Global financial body, the International Monetary Fund (IMF) has predicted that the Nigerian economy will contract by 5.4 percent in 2020, lower than the 3.4 percent negative growth it had projected in April.
IMF’s Chief Economist and Director of the Research Department, Ms. Gita Gopinath, gave the projection during an online press conference on the latest World Economic Outlook (WEO) released yesterday in Washington DC.
Speaking on the multilateral institution’s latest projection for Nigeria, Gopinath said: “Our projection for sub Saharan Africa overall is -3.2 per cent in 2020 with recovery in 2021 at 3.4 per cent. So, this is a significant downward revision and we have some very large negative growth forecast for instance; South Africa is -8 per cent and for Nigeria, it is -5.4 per cent growth.
“The downgrade also reflects larger spillovers from weaker external demand. The downward revision to growth prospects for emerging market and developing economies over 2020–2021 (2.8 percentage points) exceeds the revision for advanced economies (1.8 percentage points). “Excluding China, the downward revision for emerging market and developing economies over 2020–21 is 3.6 percentage points.
“Overall, growth in the group of emerging market and developing economies is forecast at –3.0 per cent in 2020, two percentage points below the April 2020 WEO forecast. Growth among low-income developing countries is projected at –1.0 per cent in 2020, some 1.4 percentage points below the April 2020 WEO forecast, although with differences across individual countries.
“Excluding a few large frontier economies, the remaining group of low-income developing countries is projected to contract by –2.2 per cent in 2020.
“For the first time, all regions are projected to experience negative growth in 2020. There are, however, substantial differences across individual economies, reflecting the evolution of the pandemic and the effectiveness of containment strategies; variation in economic structure (for example, dependence on severely affected sectors, such as tourism and oil); reliance on external financial flows, including remittances; and pre-crisis growth trends,” it stated.

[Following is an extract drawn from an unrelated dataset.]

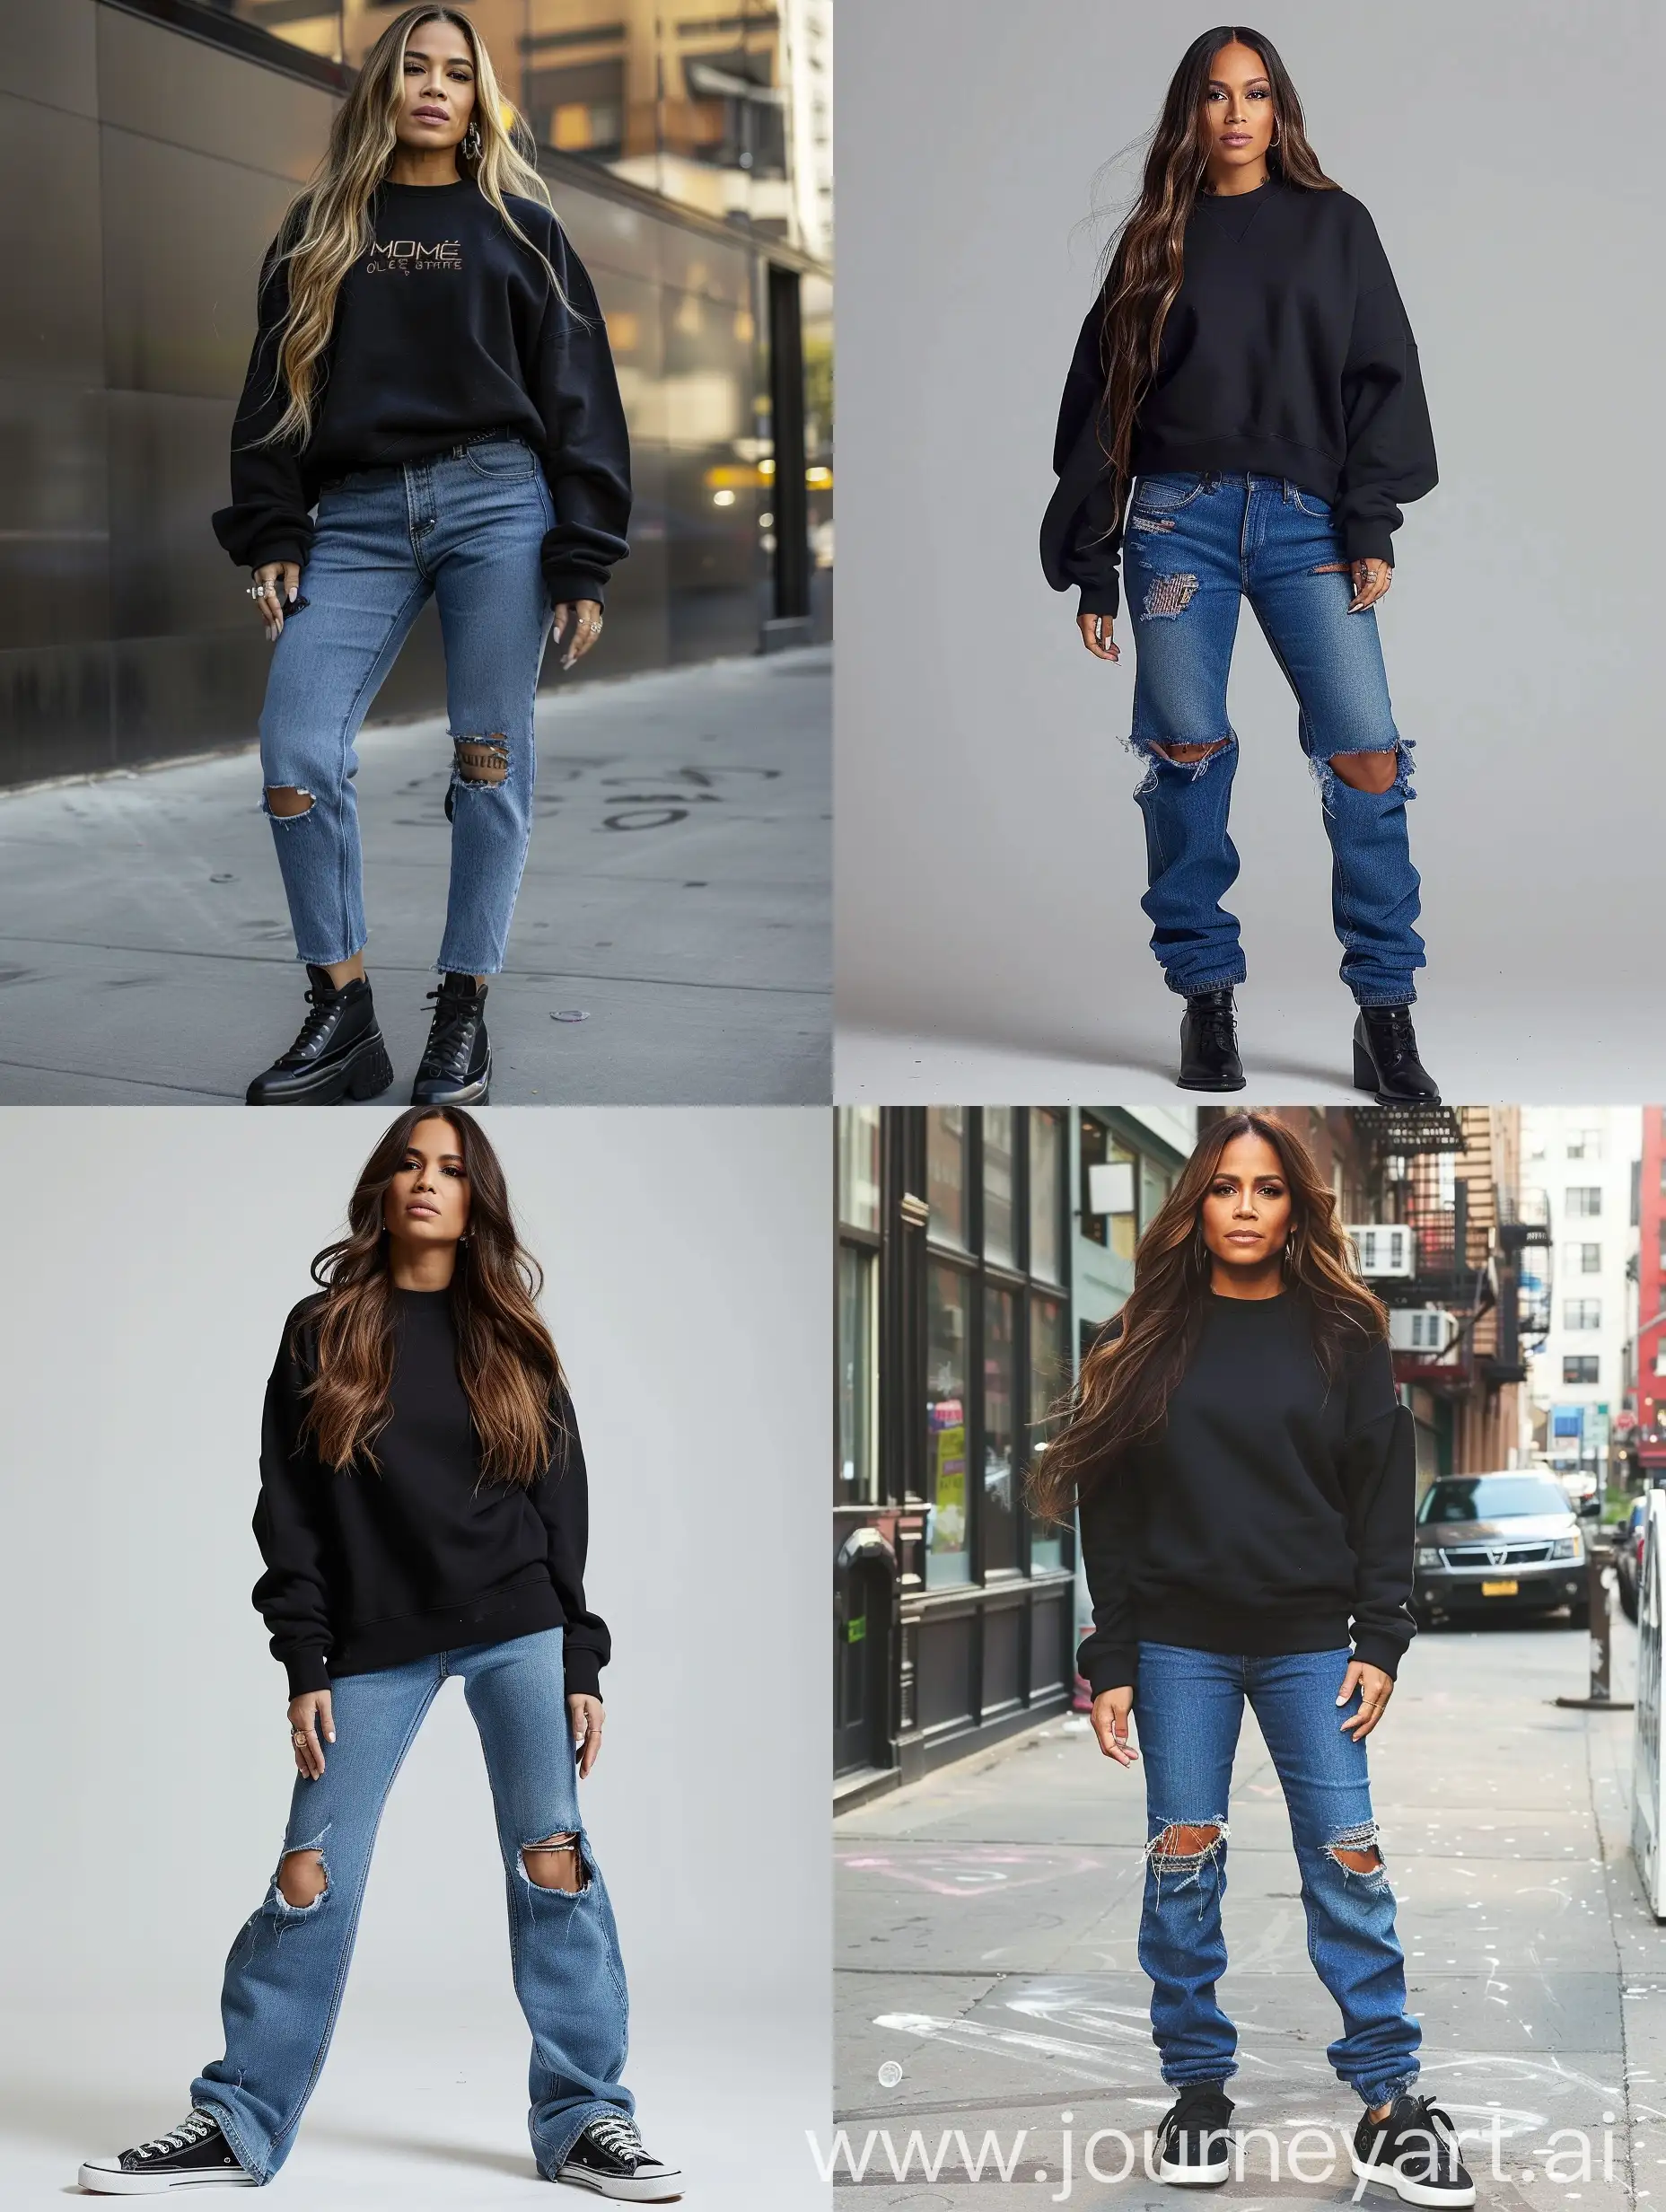 Jennifer-Lopez-in-Stylish-Black-Sweatshirt-and-Blue-Jeans-Fashionable-FullLength-Portrait

The IMF noted further that fiscal responses since the outbreak of COVID-19 have resulted in an increase in government debts across all emerging economies.

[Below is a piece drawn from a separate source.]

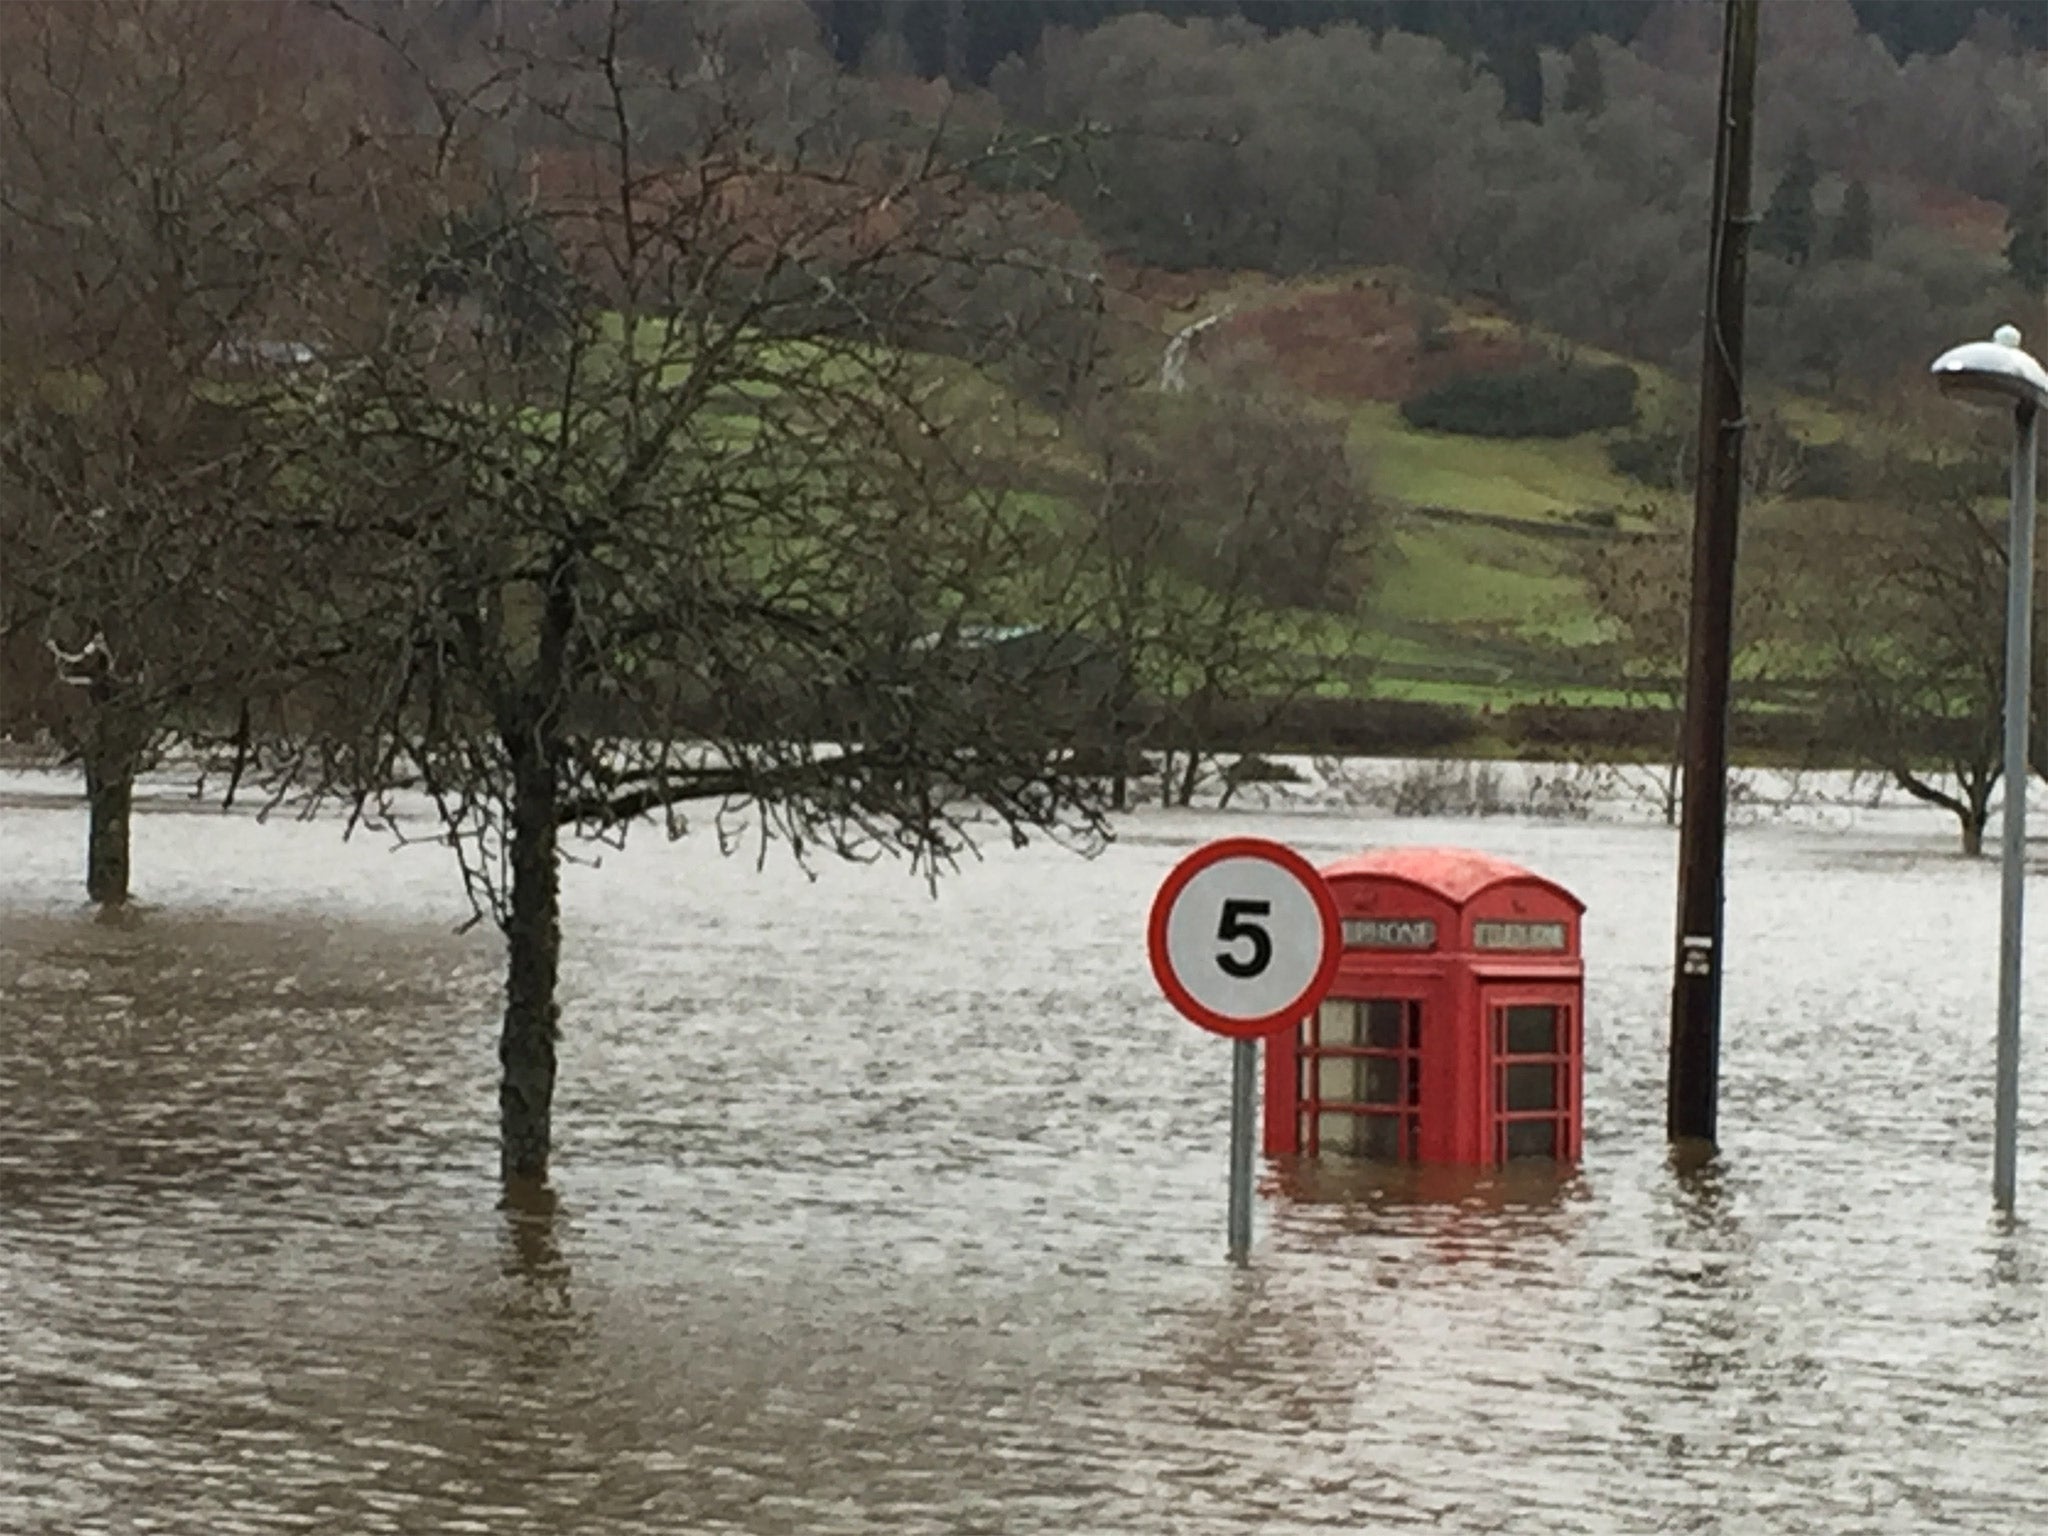 &#13;
Flooding in the village of Aberfeldy, Perthshire, Scotland &#13;

“Government debt is now projected to average 63 per cent of GDP in 2020, continuing its upward trend with a 10 percentage point surge from a year ago.
“As many low-income developing countries face tight financing constraints and a less severe impact of the pandemic thus far, the fiscal response to the pandemic has been modest, at 1.2 per cent of GDP on average, and mostly through budgetary measures.

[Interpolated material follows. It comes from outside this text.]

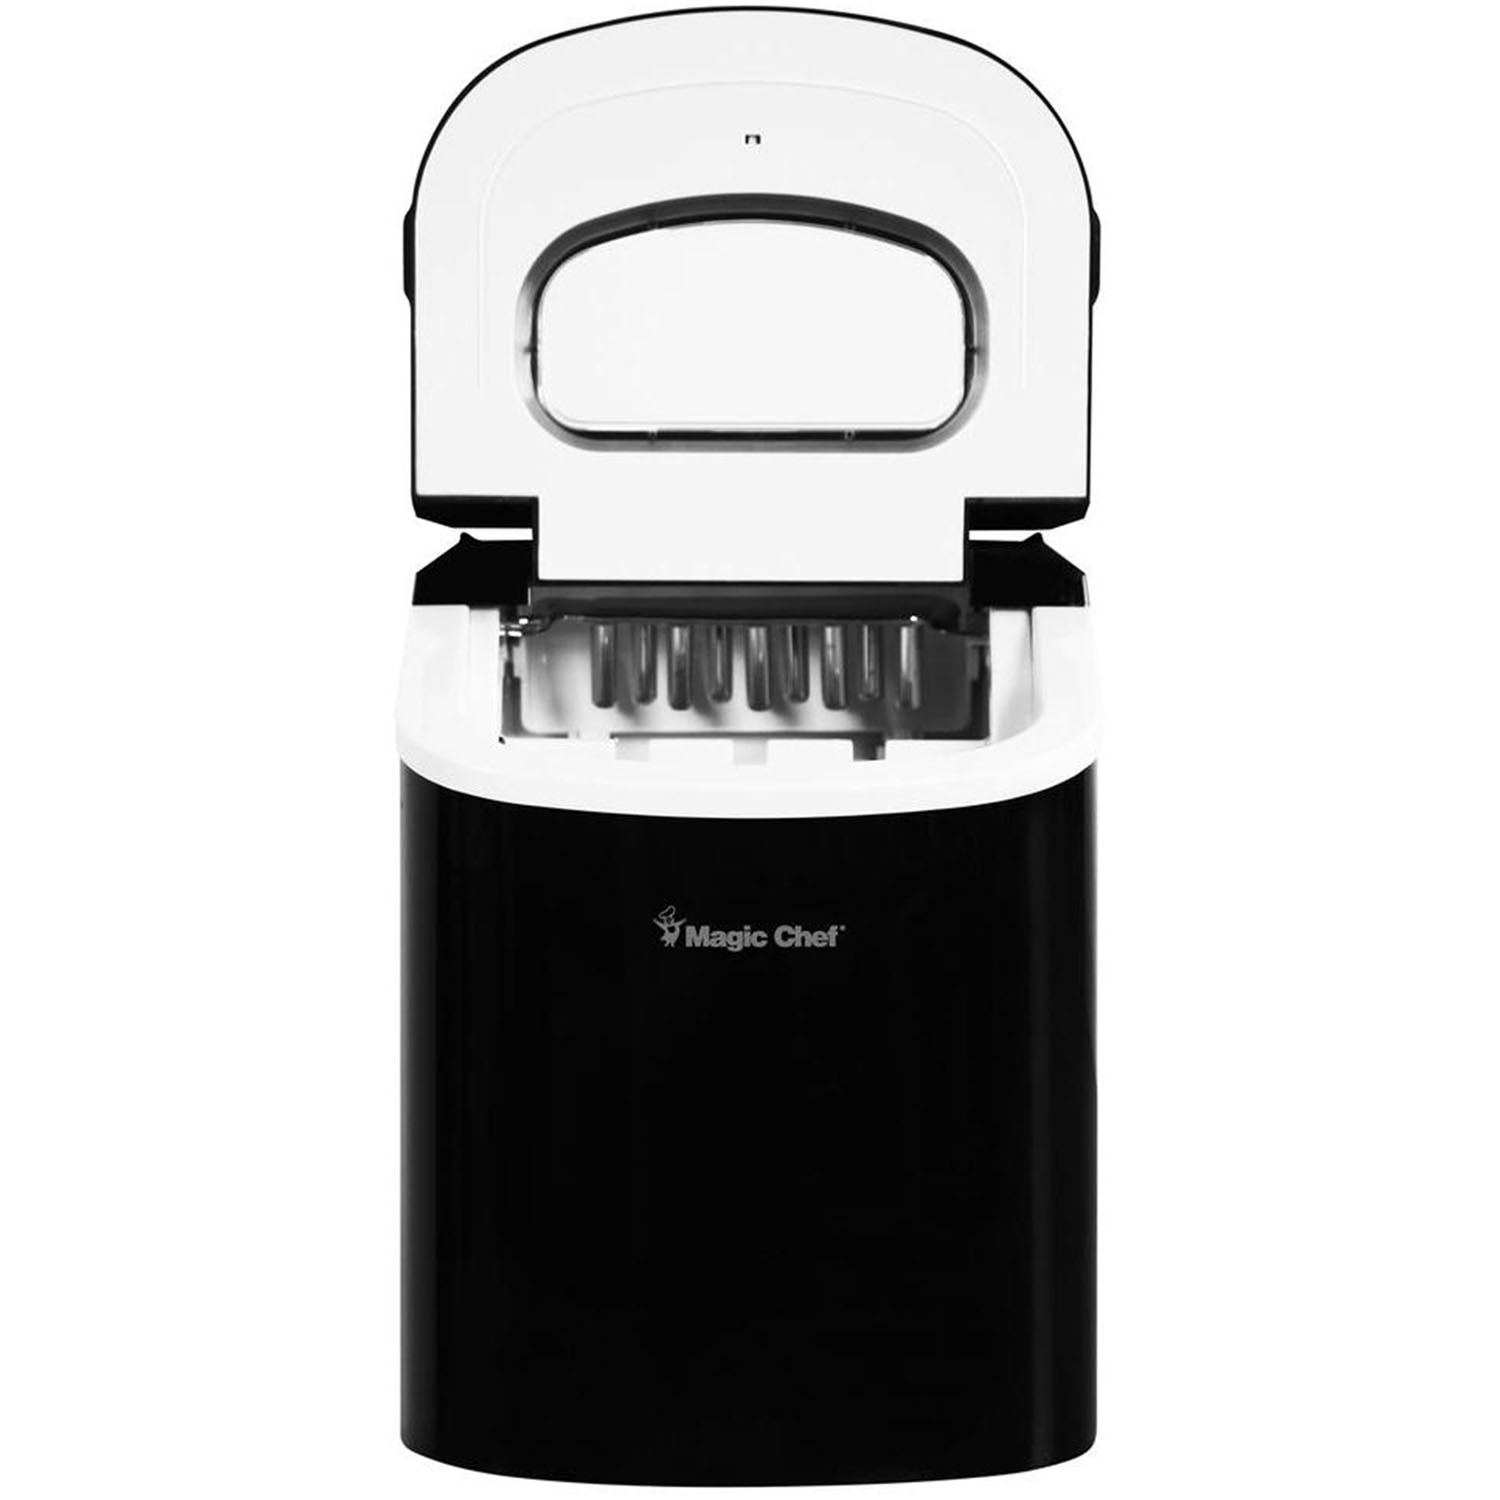 Magic Chef 27 lb. Capacity Portable Countertop Ice Maker, Black (Bullet Ice) - image 4 of 8

“For example, Nigeria provided tax relief for employers to retain workers and raised health care spending 0.3 per cent of GDP, while Ethiopia has expanded its in-kind provision of food and shelter 1.8 per cent of GDP.”
Meanwhile, a Director at Fitch Ratings, Mahmoud Harby, warned that a sharp rise in Nigeria’s sovereign debt and a ballooning financing gap could trigger a rating downgrade.
Fitch had downgraded Nigeria to “B” in April with a negative outlook from “B+” citing aggravation of pressure on external finances.
“We have two elements that could lead us to take a negative rating action/downgrade on Nigeria. Aggravation of external liquidity pressures and a sharp rise in government debt to revenues ratio,” Harb, told Reuters.
“The debt-to-revenue ratio for Nigeria is set to worsen to 538 per cent by the end of 2020, from 348 per cent a year earlier, before improving slightly next year, Harb said.
“The medium debt ratio for “B” rated countries is 350 per cent, he added.
“Nigeria will need $23 billion to meet its external financing needs this year, Fitch estimated, noting that the country only has few options, including running down its reserves, after shelving plans to issue Eurobonds.
“The country’s foreign currency reserves could fall to $23.3 billion this year if foreign exchange access is normalised, Harb said, from around $36 billion.
“Nigeria could avoid a ratings downgrade if it strengthens its finances, reforms its forex policy and shows a path to reducing its deficit by boosting non-oil revenues,” he noted.